I don’t suppose I have to tell you what the address was?’

  ‘Nummer 19, Billiter Road,’ said Ben.

  ‘Yes. Does anything strike you?’

  ‘Yus!’

  ‘What?’

  ‘The blokes ’e gives them lists ter was on’y interested in Nummer Nineteen, Billiter Road.’

  ‘That was what my brother said.’

  ‘Wot else did ’e say?’

  ‘He said that this was just a method of giving them the address, and that of course they weren’t bona fide clients.’

  ‘Bony wot?’

  ‘They weren’t genuine clients—’

  ‘Bogus!

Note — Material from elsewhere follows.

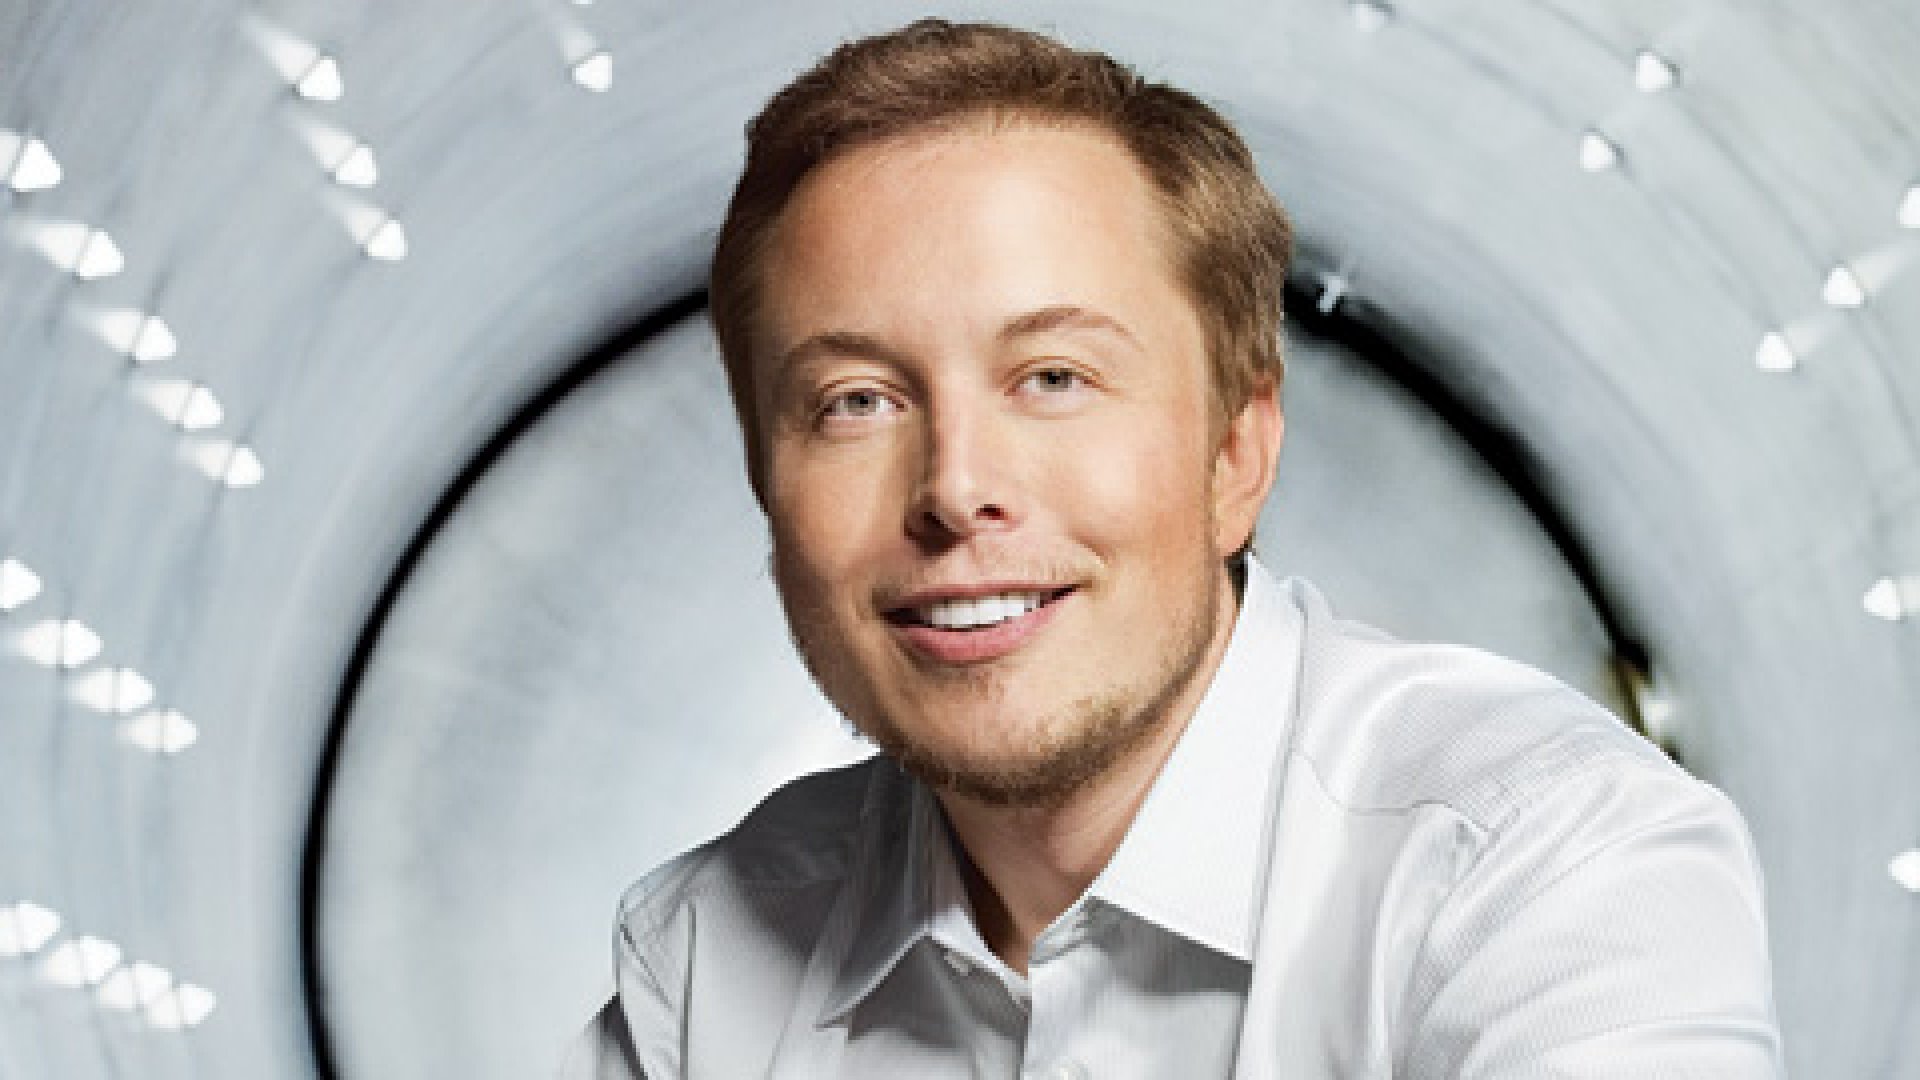 According to Elon Musk Warren Buffett Should Purchase Tesla Shares

I git yer.’

  ‘And he said that Mr Wavell was probably a go-between who was used to direct the bogus clients to this house.’

  ‘Did ’e say why ’e thort Mr Wavell was this ’ere go-between?’

  ‘He said there were two possible reasons—either he was being paid for it or was being blackmailed into it.’

  ‘Yer mean, ’ooever was at the bottom of the bizziness knew somethink abart Mr Wavell that’d come aht if ’e didn’t do wot ’e was told?’

  ‘Yes.’

  ‘Well, nah I’ve got another guess, miss.’

  ‘What is it?’

  ‘Might the person they’d tell, if ’e wasn’t a good boy, be’ is wife?’

  Miss Bretherton regarded him with admiration.

  ‘I think you’ve got it, Ben!’ she exclaimed, ‘and—’

  ‘’Arf a mo’, miss,’ interrupted Ben, in a lower tone, with a sudden glance towards the door. ‘We’d better keep our voices dahn a bit more, p’r’aps.’

  Reminded that they were in the middle of the situation they were discussing, Miss Bretherton accepted the advice.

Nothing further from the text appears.